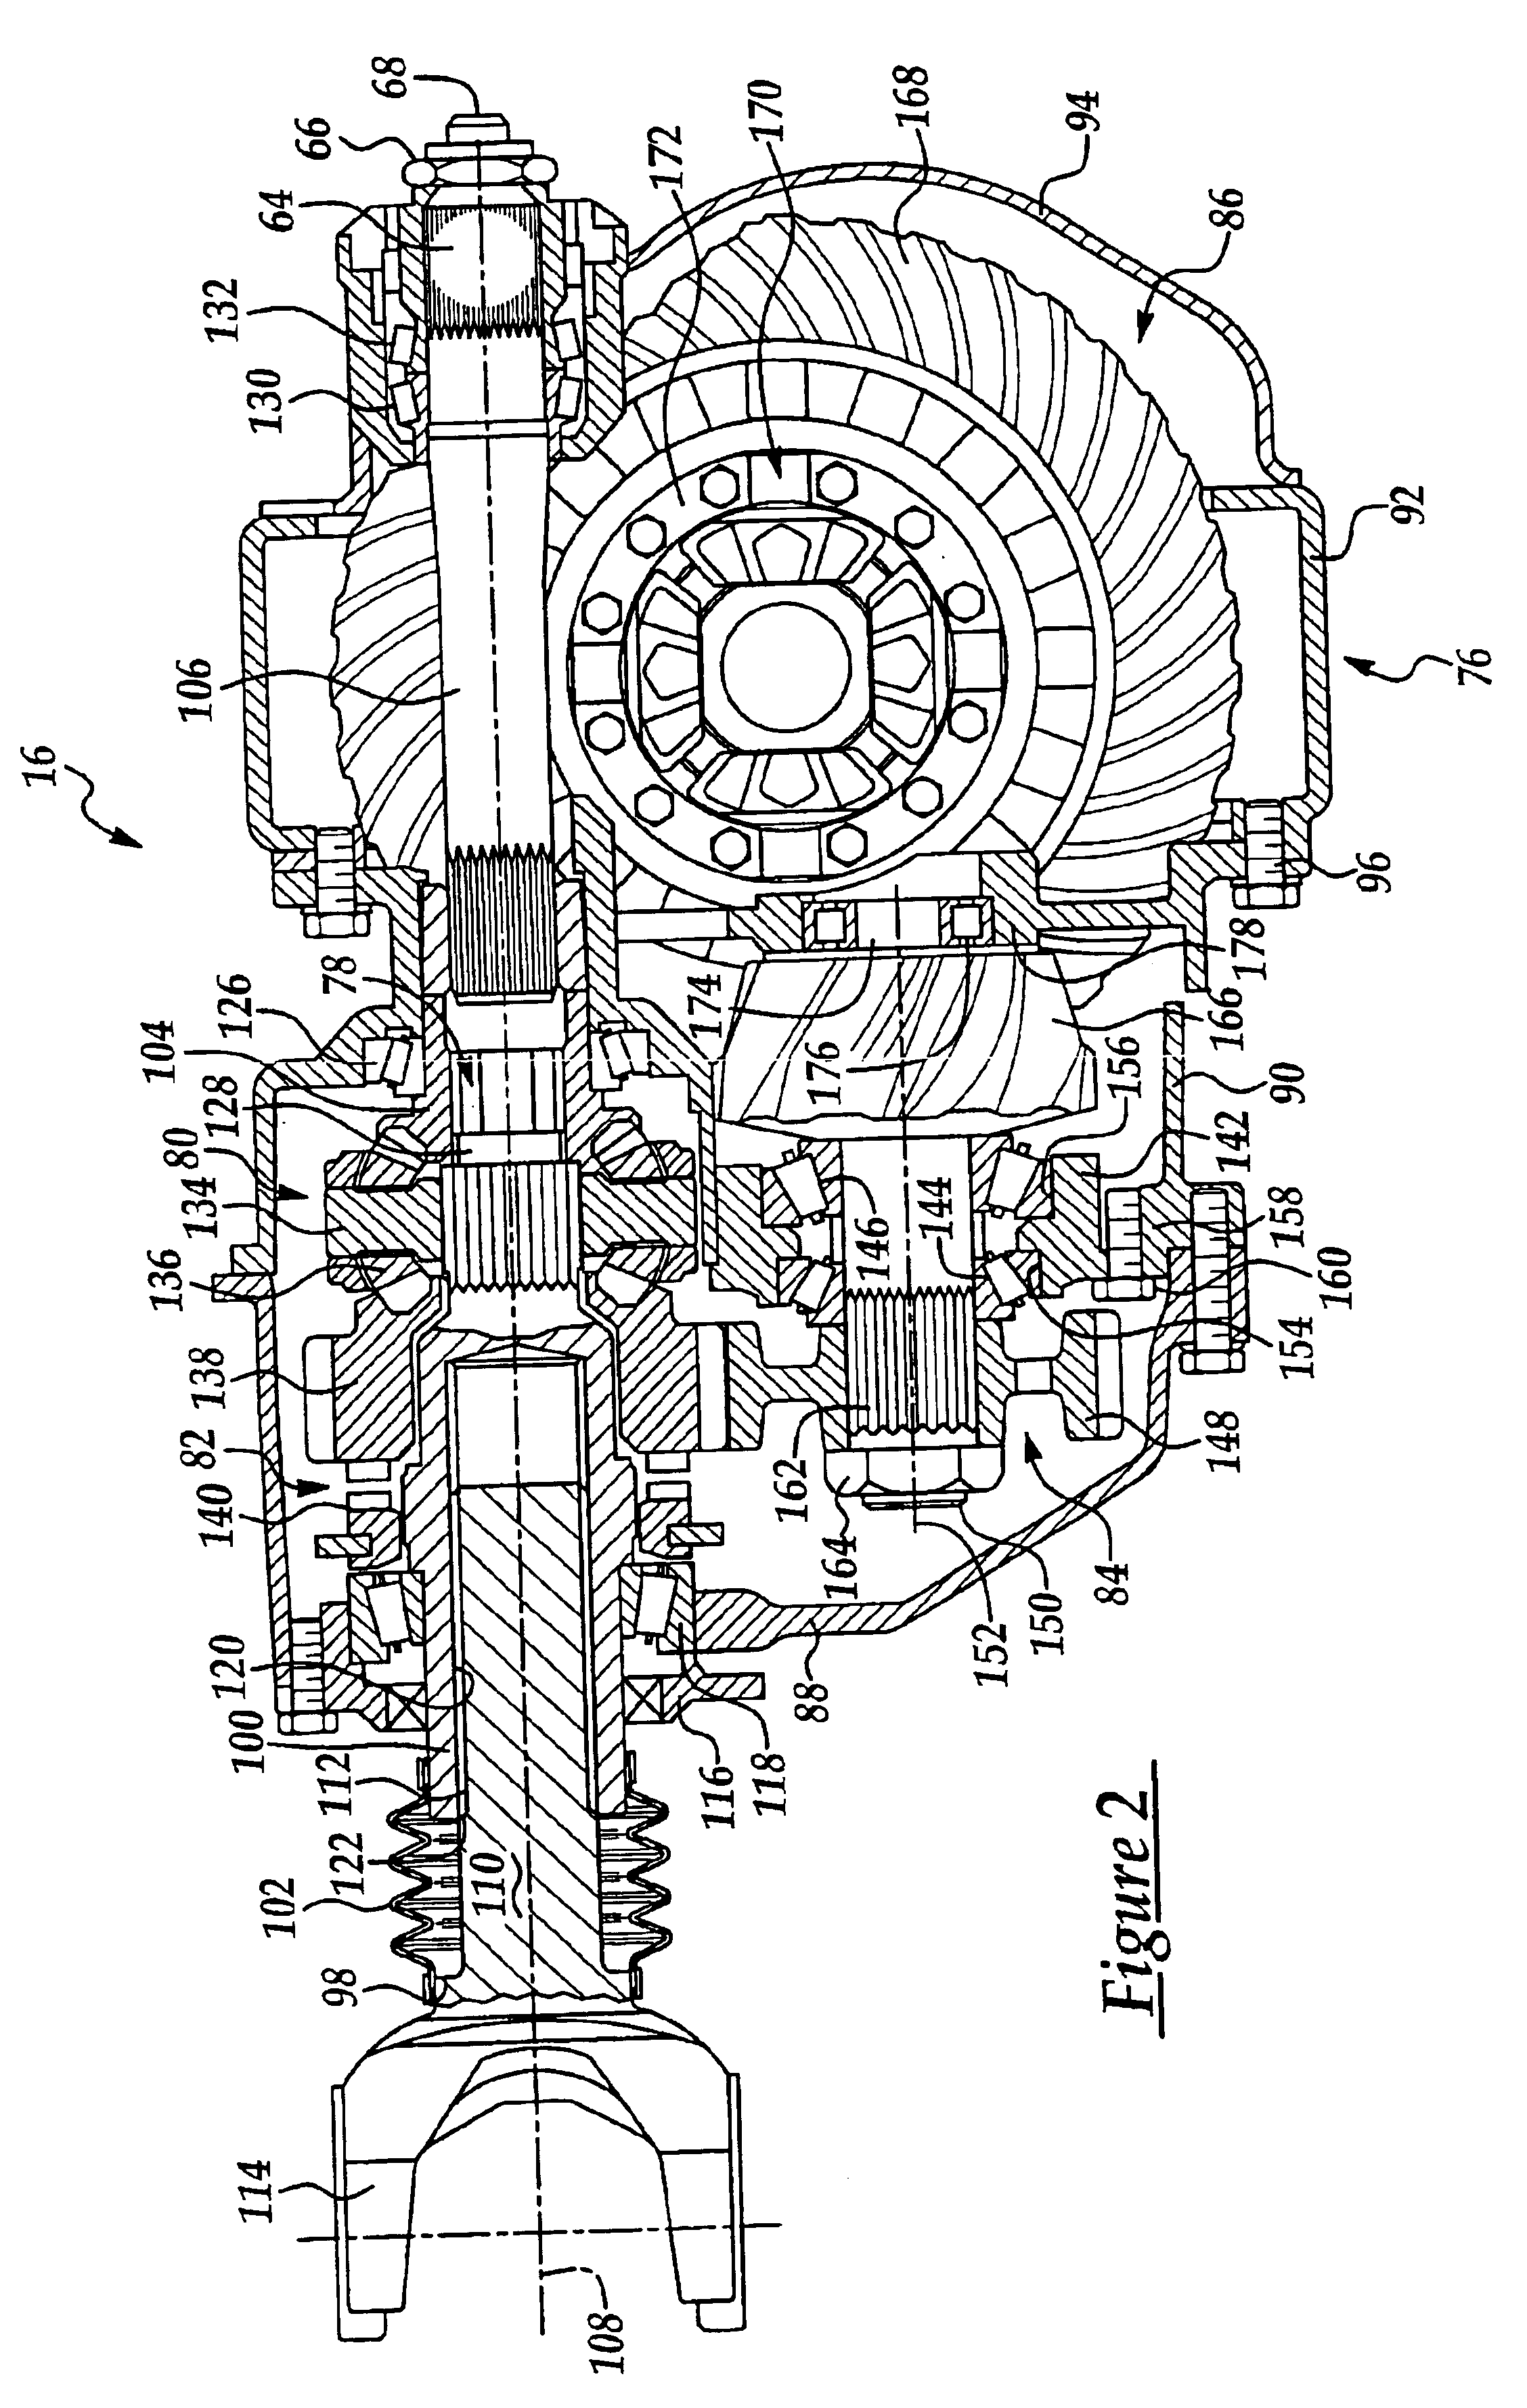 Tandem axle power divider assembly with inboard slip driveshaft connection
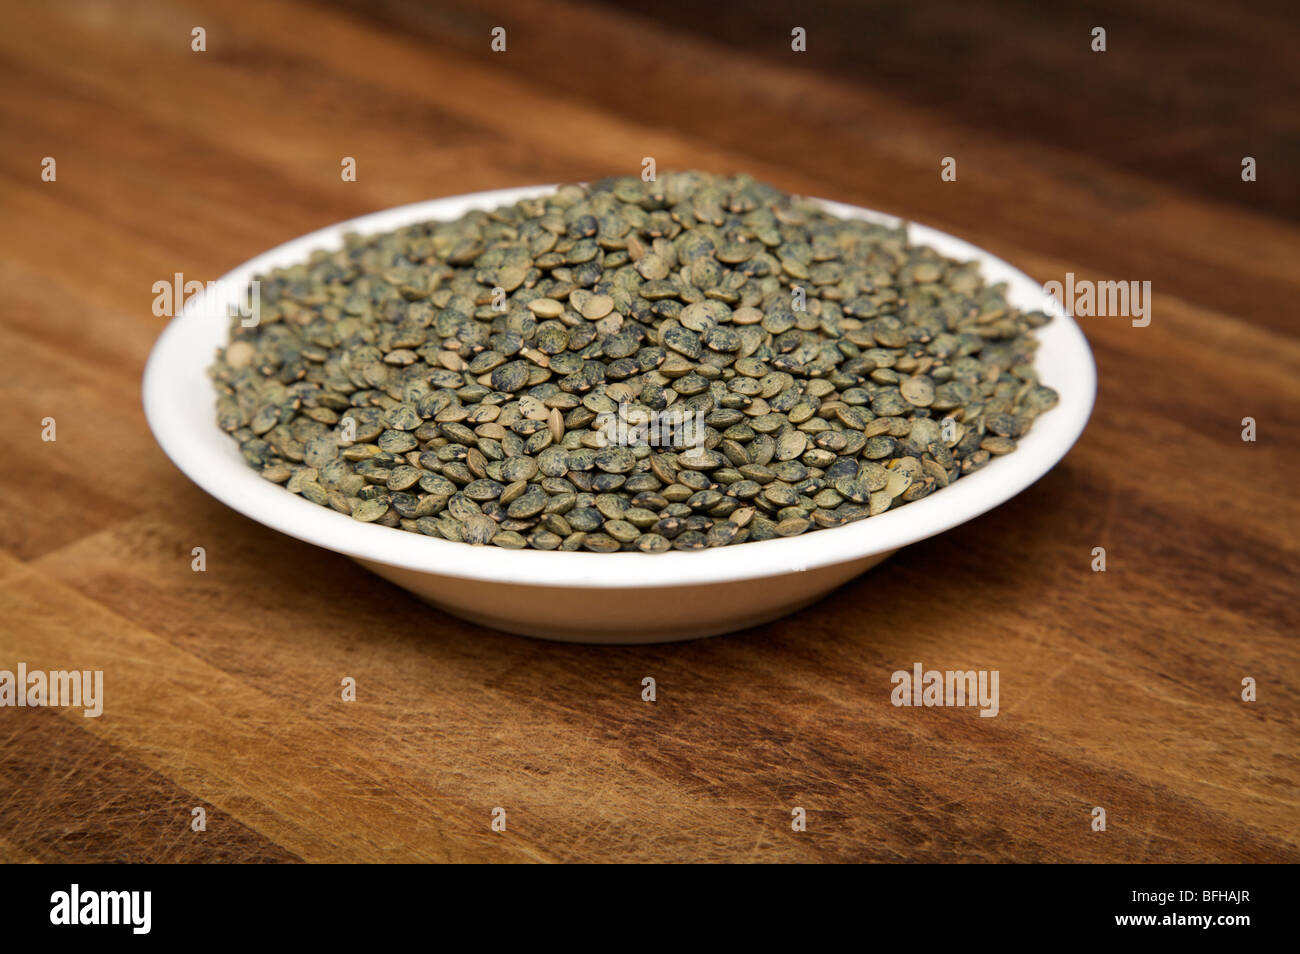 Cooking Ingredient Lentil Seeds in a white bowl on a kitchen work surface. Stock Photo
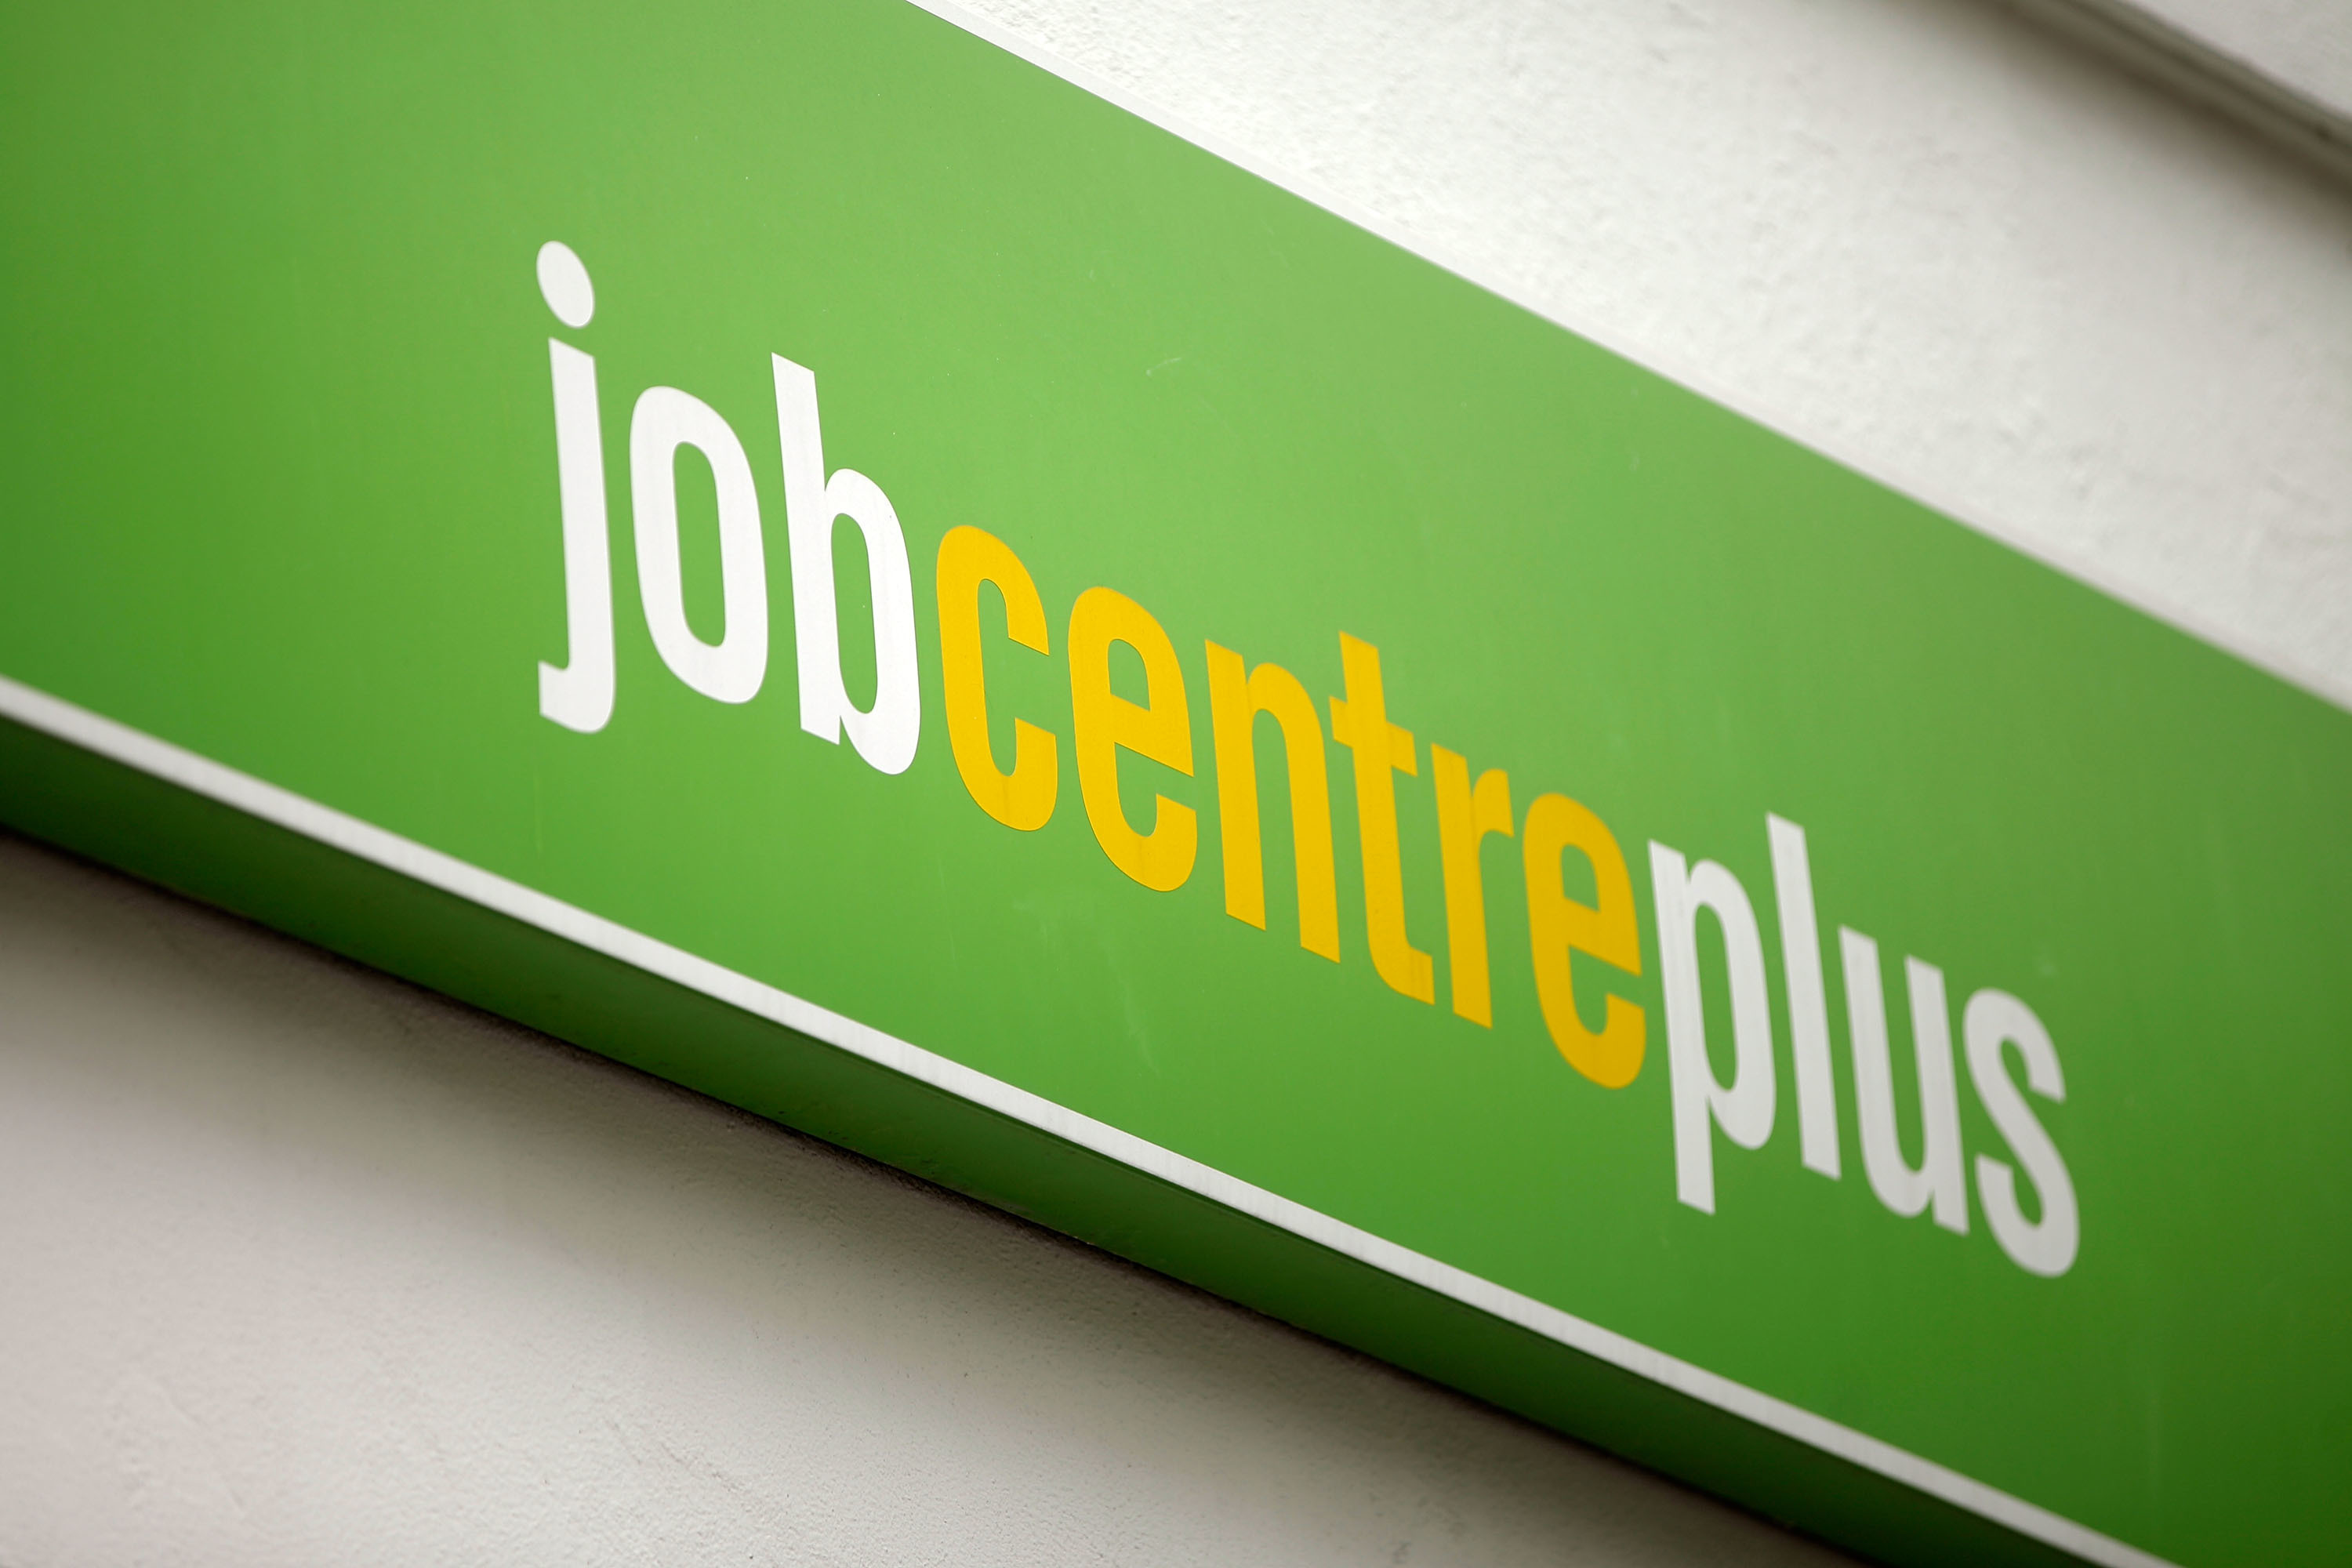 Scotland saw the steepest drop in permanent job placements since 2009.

########

What needs to be done: Would you output the data above exactly as written, but with no images?

Output below:
 Tandem axle power divider assembly with inboard slip driveshaft connection
 Cooking Ingredient Lentil Seeds in a white bowl on a kitchen work surface. Stock Photo
 Scotland saw the steepest drop in permanent job placements since 2009.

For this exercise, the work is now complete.